The authors first evaluate several state‑of‑the‑art LMMs—including GPT‑4o, LLaVA‑1.5, Video‑LLM‑online, FlashVStream, and other open‑source models—by feeding them the raw video frames and the transcribed question without any task‑specific adaptation. Performance is uniformly poor: overall accuracy hovers below 30 %, far from human performance (~92 %). Detailed error analysis reveals three dominant failure modes: (1) Multimodal fusion in real time – models struggle to combine visual and auditory streams on the fly, leading to misinterpretation of deictic references or actions that unfold after the question is spoken; (2) Temporal decision‑making – models typically answer immediately after the question ends or at the video’s termination, ignoring the provided answer‑timestamp cue; (3) Situational common sense – questions that require everyday knowledge (e.g., “Is this pan being used correctly?”) are often answered incorrectly or left unanswered.

To assess whether the gap can be narrowed, the authors fine‑tune the same models on the full QIVD training split (≈2,600 videos) for five epochs, using a streaming‑compatible architecture that processes frames sequentially and incorporates the answer‑timestamp as a supervisory signal for “when to speak.” After fine‑tuning, average accuracy rises to ~55 %, with notable gains in categories that heavily rely on temporal grounding: action counting (+20 pp), object referencing (+18 pp), and deictic expressions (+15 pp).
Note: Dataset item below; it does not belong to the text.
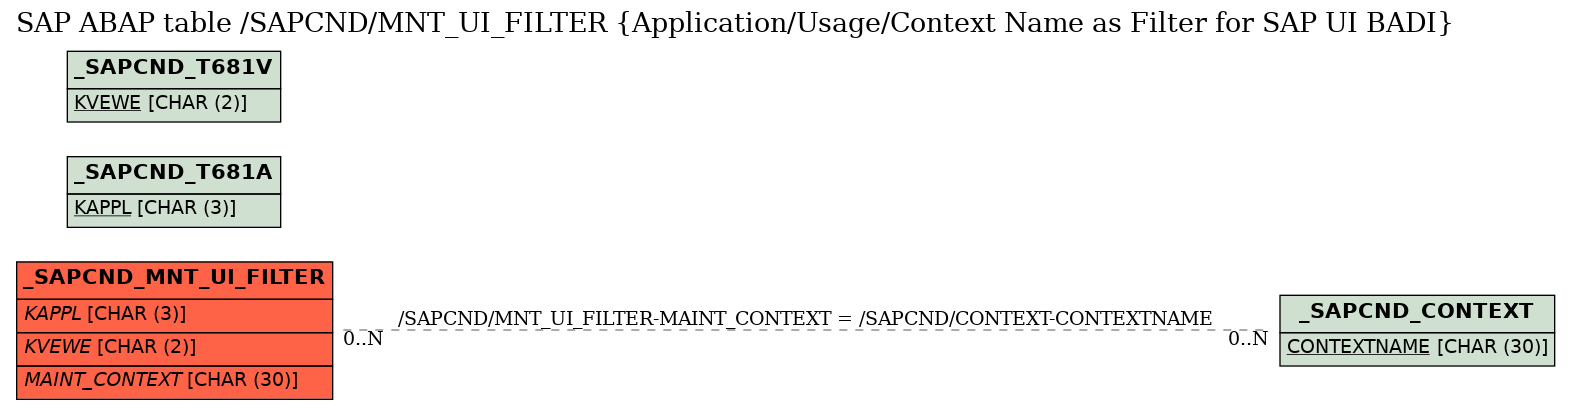 E-R Diagram for table /SAPCND/MNT_UI_FILTER (Application/Usage/Context Name as Filter for SAP UI BADI)

The improvement is attributed to (a) exposure to real‑time streaming inputs, (b) explicit learning of answer timing, and (c) direct supervision on a diverse set of everyday visual situations.

Nevertheless, even the fine‑tuned models remain well below human levels, especially on tasks that demand audio‑visual correlation (e.g., “Which object is making the sound?”) and subjective judgments (e.g., “Does this dish look tasty?”). Moreover, the current experiments are conducted with offline batch fine‑tuning; true low‑latency inference (sub‑100 ms per frame) and continuous learning in an online setting have not been demonstrated.
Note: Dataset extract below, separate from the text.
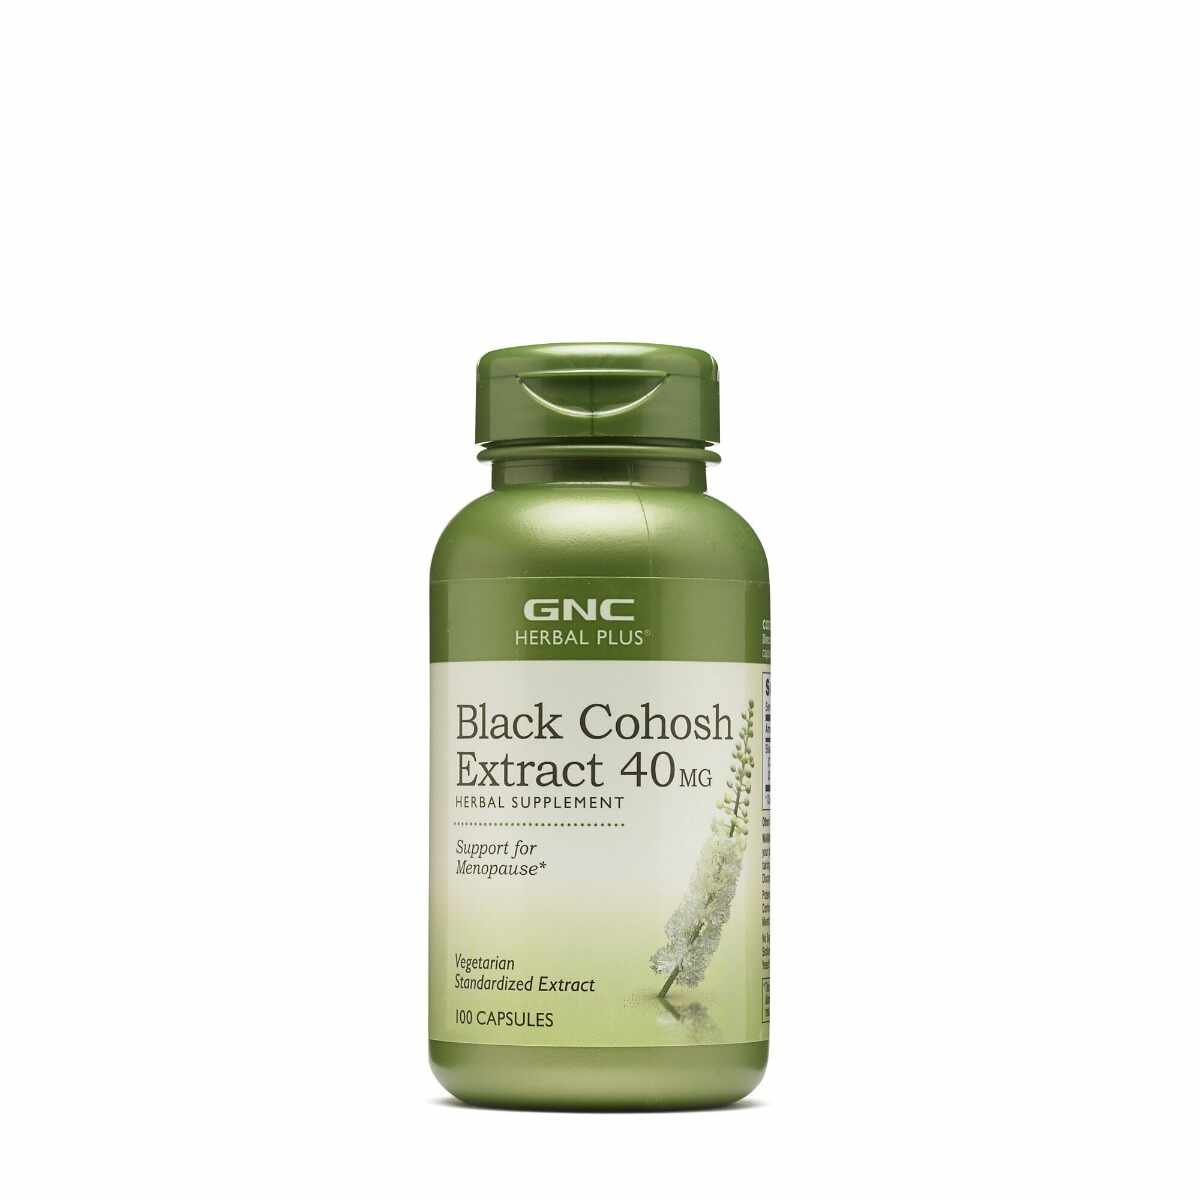 Extract standardizat de Cohos Negru Black Cohosh 40 mg Herbal Plus, 100 capsule, GNC

The paper’s contributions are fourfold: (1) the creation of QIVD, the first benchmark that couples real‑time video, speech, and answer‑timing annotations for face‑to‑face VQA; (2) a systematic evaluation of existing LMMs that uncovers critical weaknesses in real‑time multimodal reasoning; (3) evidence that task‑specific fine‑tuning on QIVD can substantially close the performance gap; (4) a simple baseline streaming pipeline that departs from the traditional offline paradigm.

In discussion, the authors outline future research directions: developing low‑latency streaming architectures (e.g., frame‑wise transformer or recurrent multimodal encoders), improving multimodal fusion mechanisms that jointly attend to audio and visual streams, integrating external knowledge bases for common‑sense reasoning, and exploring continual learning setups where the model can adapt on‑the‑fly during live interaction. By providing QIVD and the associated analysis, the work establishes a concrete platform for advancing AI assistants, humanoid robots, and video‑call chatbots toward truly situated, real‑time conversational capabilities.